Fragment
Het was op de laatste dag van april dat mijn angstig vermoeden bewaarheid werd. Het was een vreemde nacht geweest met verre, onheilspellende geluiden en in de ochtend was het Fort en de omgeving in een dichte mist gehuld. Maar toen eenmaal de zon doorbrak en de mist was opgetrokken, was op zee een vloot van honderden jonken te zien. Koxinga was zijn invasie begonnen! Ik liet groot alarm slaan, ik stuurde ruiters naar Provintia en naar de stad om de Nederlandse bewoners aan te zeggen onverwijld naar Fort Zeelandia te komen, gestrafte soldaten werden vrijgelaten om weer bij hun eenheid geplaatst te worden en ik liet de voorraden uit de stad Zeelandia naar het Kasteel brengen. De meeste Chinese bewoners van de stad waren al halsoverkop met hun bezittingen naar het binnenland op weg en deze stroom vluchtelingen kon door onze soldaten niet meer worden tegengehouden.

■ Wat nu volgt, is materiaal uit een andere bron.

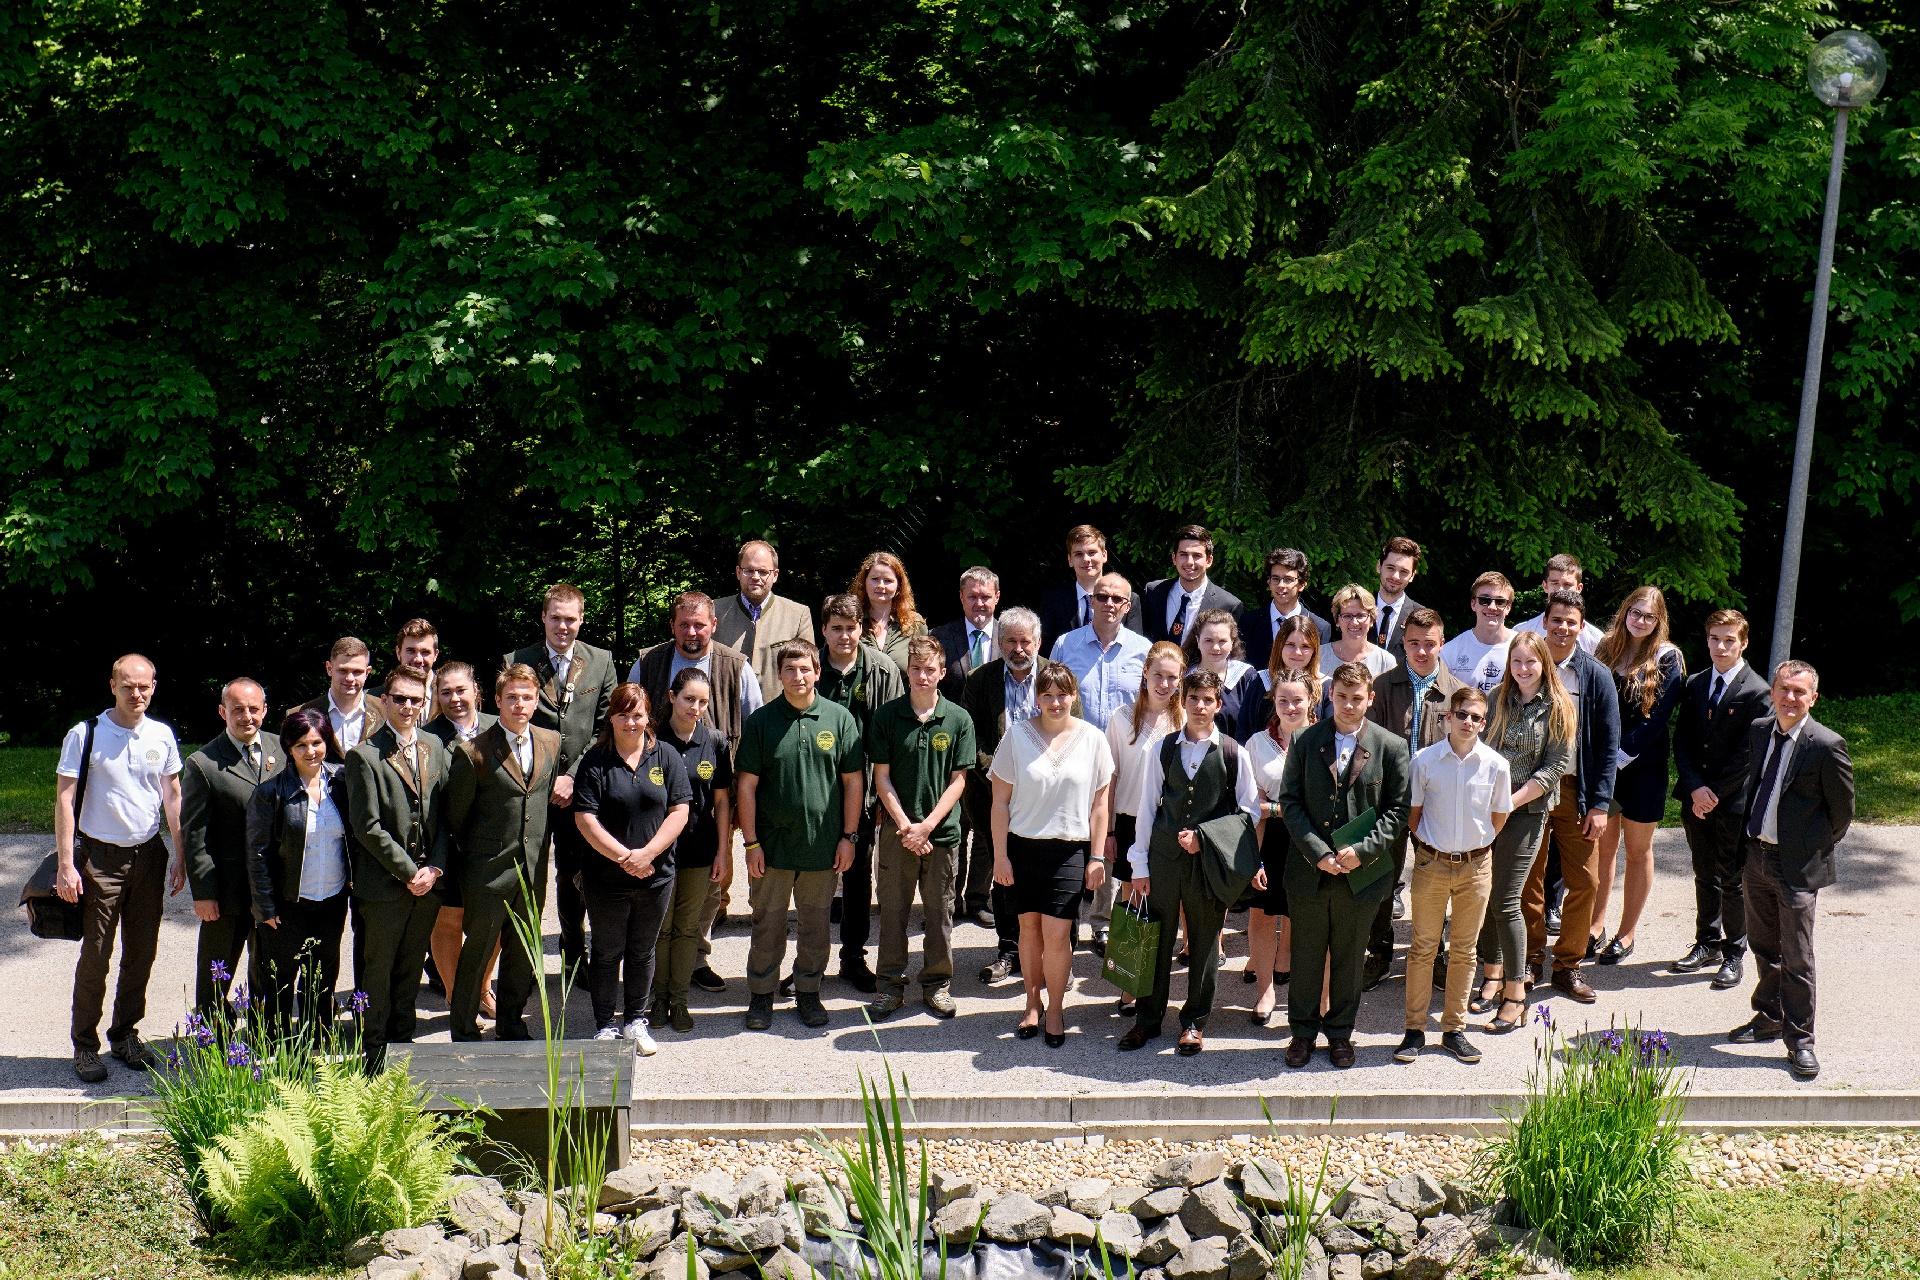 Ismét kecskeméti gimnazisták nyerték az YPEF nemzetközi tanulmányi verseny hazai döntőjét

Maar het ergste was dat Koxinga kans had gezien om met zijn jonken de lagune in te varen via het verder noordelijk gelegen 'Hertenoorgat' en dus buiten het bereik van ons geschut. Later begreep ik dat hij slim gebruik had gemaakt van hoogwater waardoor zelfs zijn grootste jonken die vaargeul konden passeren. Duizenden manschappen kon hij zo de baai in brengen en verderop aan land zetten.